Graph-based fraud detection approaches have been studied recently. Hu et al. [15] proposed a weighted graph propagation algorithm to identify the fraudulent apps in the user-app bipartite graphs. Vasumati et al. [29] applied decision trees to classify spam publishers based on constructed feature vector and computed spam score for each of the spam publishers by constructing a bipartite graph between users and publishers to find fraud publishers. What is more, the natural language processing (NLP) models known as Word2vec [23] have been applied to graph embedding, such as DeepWalk [10], Node2vec [21], and Metapath2vec [22]. Zheng et al. [30] proposed an unsupervised method to detect abnormal users and items through deep joint network embedding. Yu et al. [16] proposed a deep embedding approach for anomaly detection in dynamic networks by learning network representations which can be updated dynamically as the network evolves.

Mobile advertising fraud detection is still challenging; however, ensemble learning methods were usually the winner algorithms in fraud detection competition [10], and deep learning and graph learning are recently the most promising methods in this area.

There are two key differences between our proposed approach and existing works. First, we used app id, ad id, and user id from the real-world dataset to construct a weighted heterogeneous graph with these three types of nodes and proposed the graph embedding algorithm for mobile advertising fraud detection. The popular existing datasets, such as TalkingData dataset [31], usually have one or two types of entities (e.g., app id), so there are not enough entities to construct a heterogeneous graph as we did in this paper. Second, we proposed a fusing model to combine attribute-based and graph-based information for mobile advertising fraud detection by graph embedding and deep learning methods.

5. Conclusion

In this paper, we focus on the fraud detection problem in mobile advertising to detect fraudulent publishers. We propose a novel weighted heterogeneous graph and deep learning-based fraud detection approach, namely, GFD, to identify fraudulent apps for mobile advertising. Based on the relationship of users, publishers, and advertisement in mobile ad system, we construct a weighted heterogeneous graph and proposed a weighted metapath based graph embedding approach, named WMP2vec, to learn structural features of publishers in the graph. Furthermore, we construct a hybrid convolutional neural network to learn high-order features from attribute-based features and graph-based features. The experimental results in a real-world dataset show that our method is effective in classifying fraudulent apps for mobile advertising system.
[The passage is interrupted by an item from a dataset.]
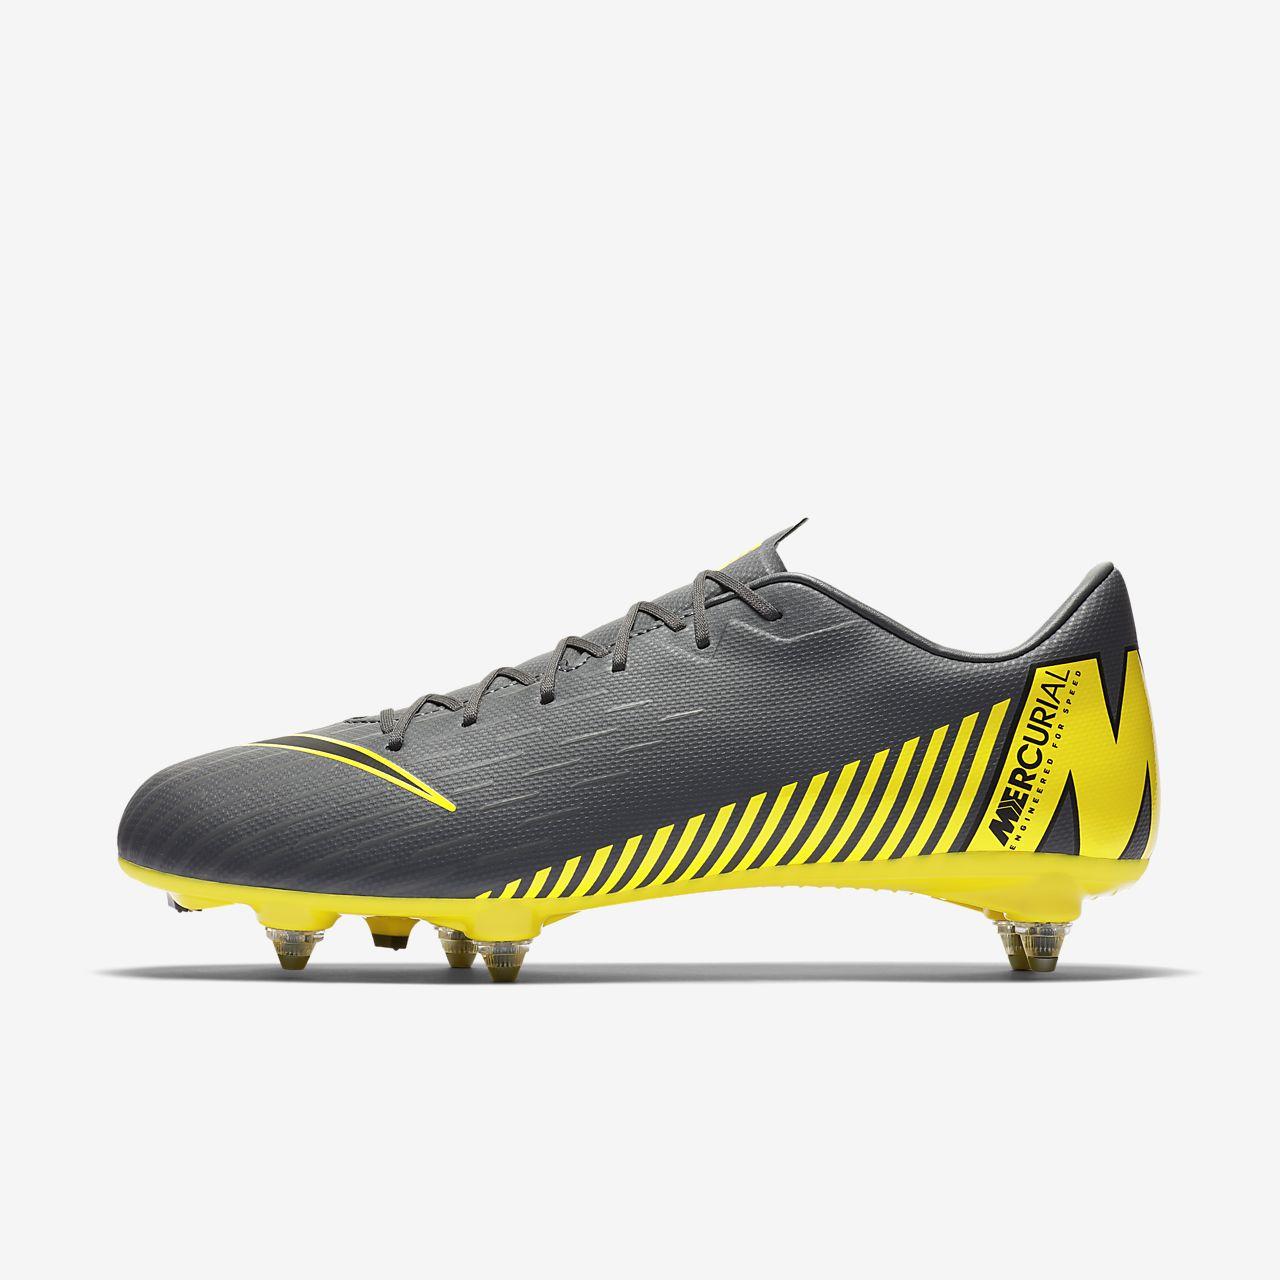 cheap for discount e6802 9ebe8 ... Chaussure de football à crampons pour terrain gras Nike Mercurial Vapor  XII Academy SG-PRO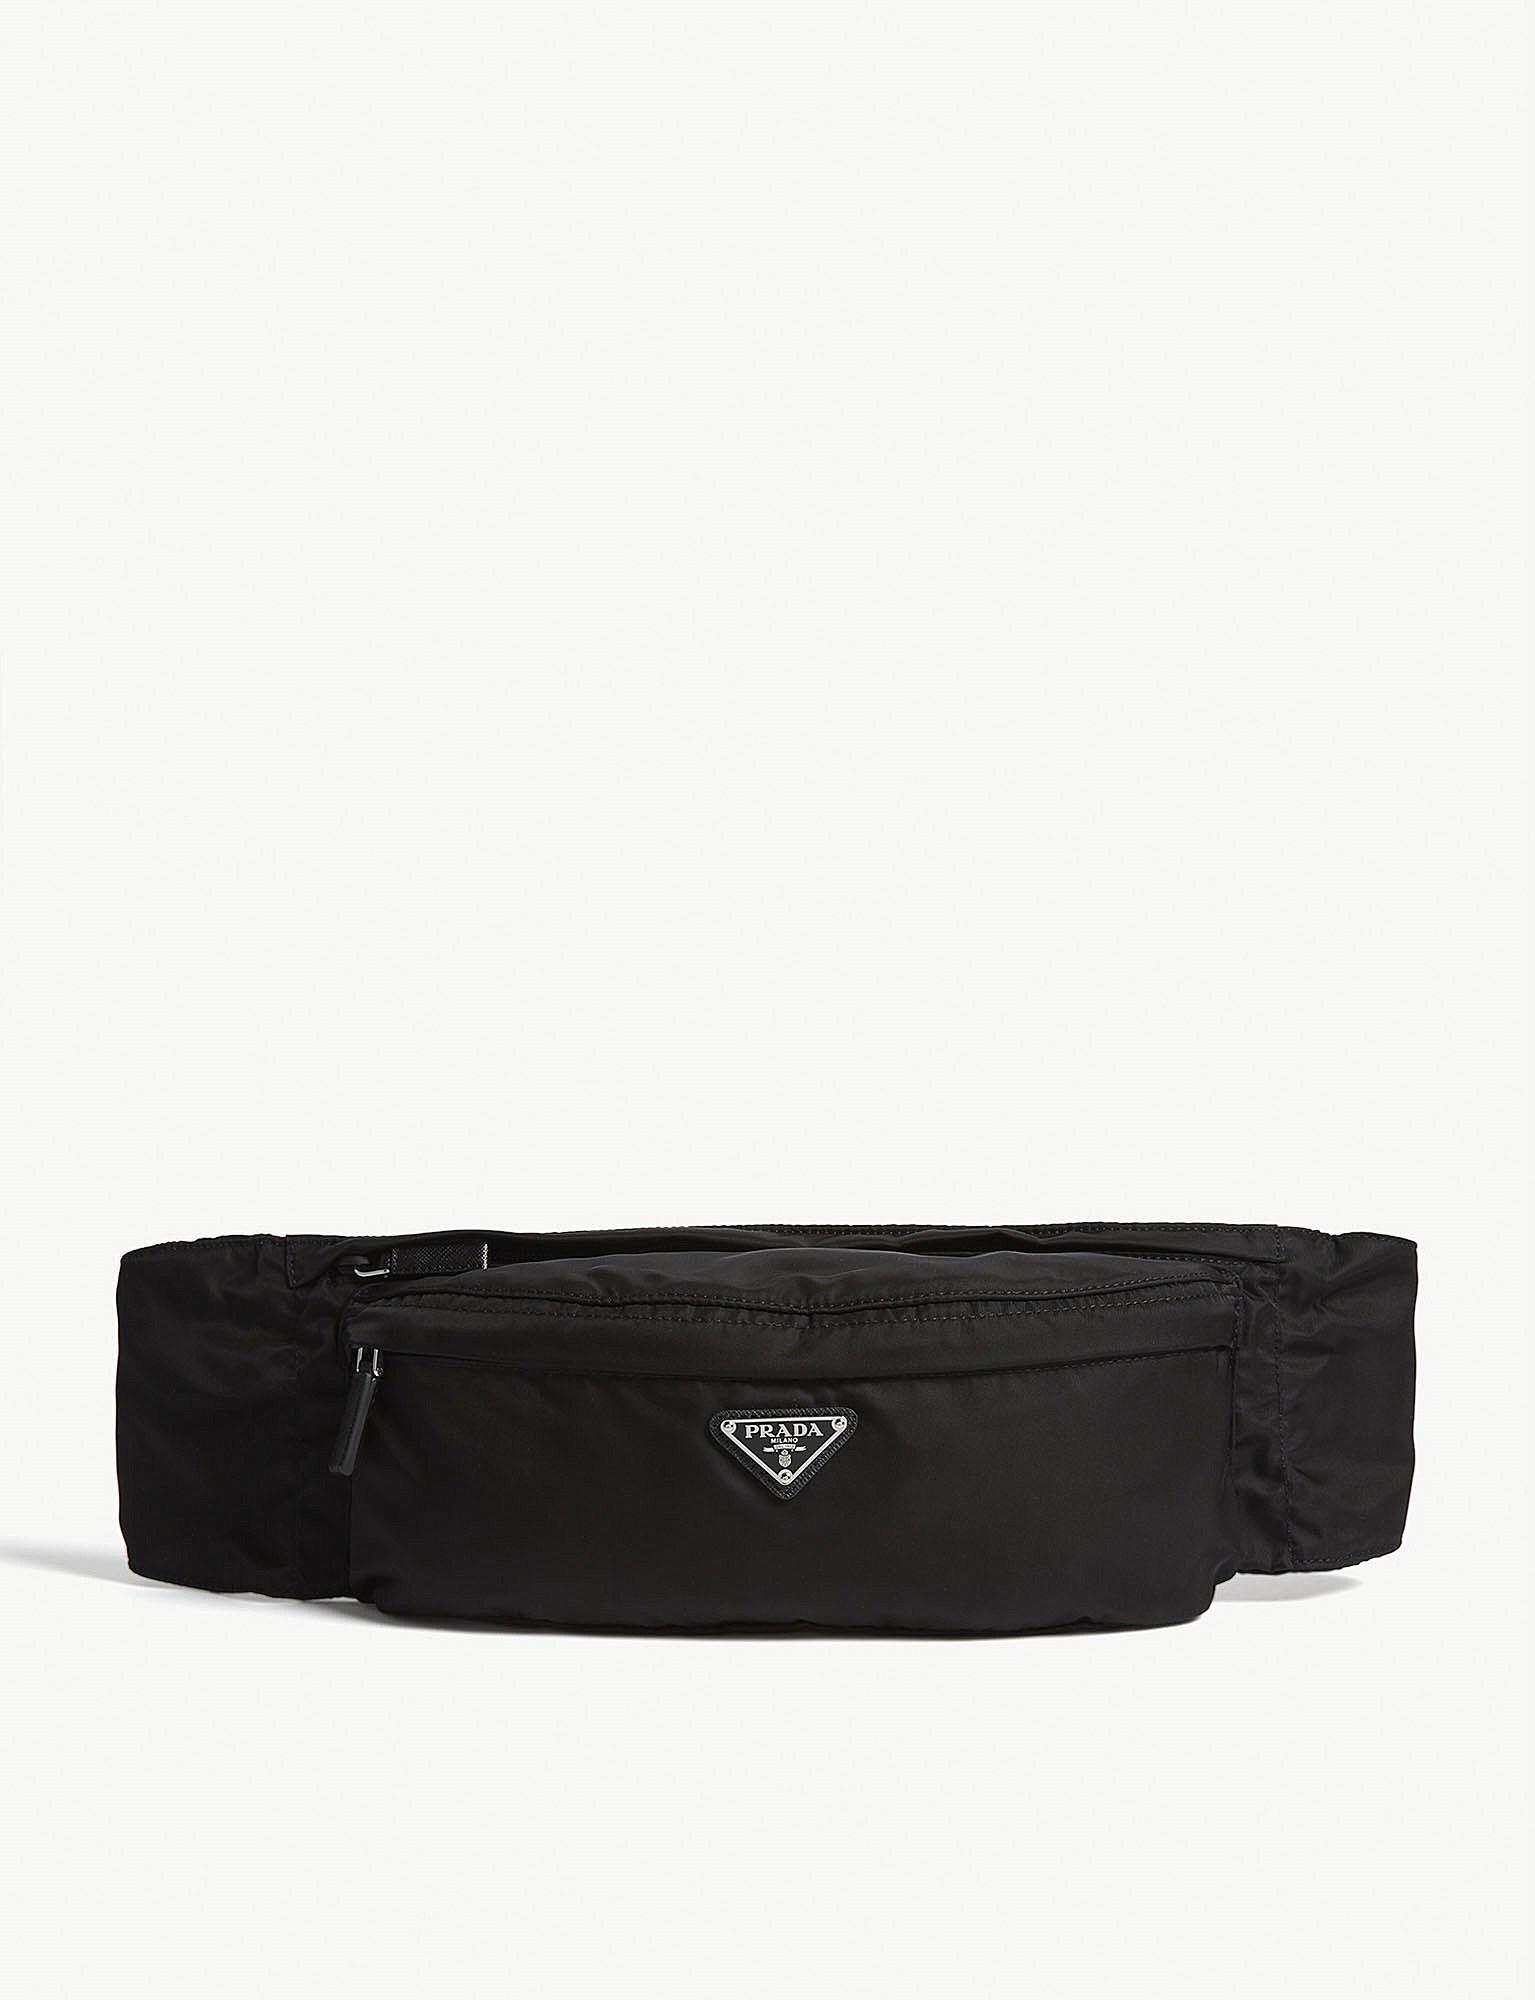 37f56974ca83 Lyst - Prada Logo Nylon Belt Bag in Black

There are two limitations in the work presented here. First, the dataset is limited to one mobile advertising dataset. In order to be more generalizable, it would be important to see whether the proposed GFD approach excels in more fraud detection datasets. Second, the dataset is limited to seven days. In the complex and dynamic online advertising environment, more time is still needed to evaluate the proposed approach.

Despite being focused on mobile advertising fraud detection in this presentation, the proposed GFD approach could be generalized to benefit many other online applications (e.g., e-commerce) that involve relationship between several types of entities. Future work should focus on the robustness and accuracy of our proposed model for other large-scale online datasets.

Data Availability

The data used to support the findings of this study are available from the corresponding author upon request.

Conflicts of Interest

The authors declare that there are no conflicts of interest.

Acknowledgments

This work was supported in part by the Natural Science Foundation of Guangdong Province of China (Grant no. 2018A030313309), the Innovation Fund of Introduced High-End Scientific Research Institutions of Zhongshan (Grant no. 2019AG031), and the Fundamental Research Funds for the Central Universities, SCUT (Grant no. 2019KZ20).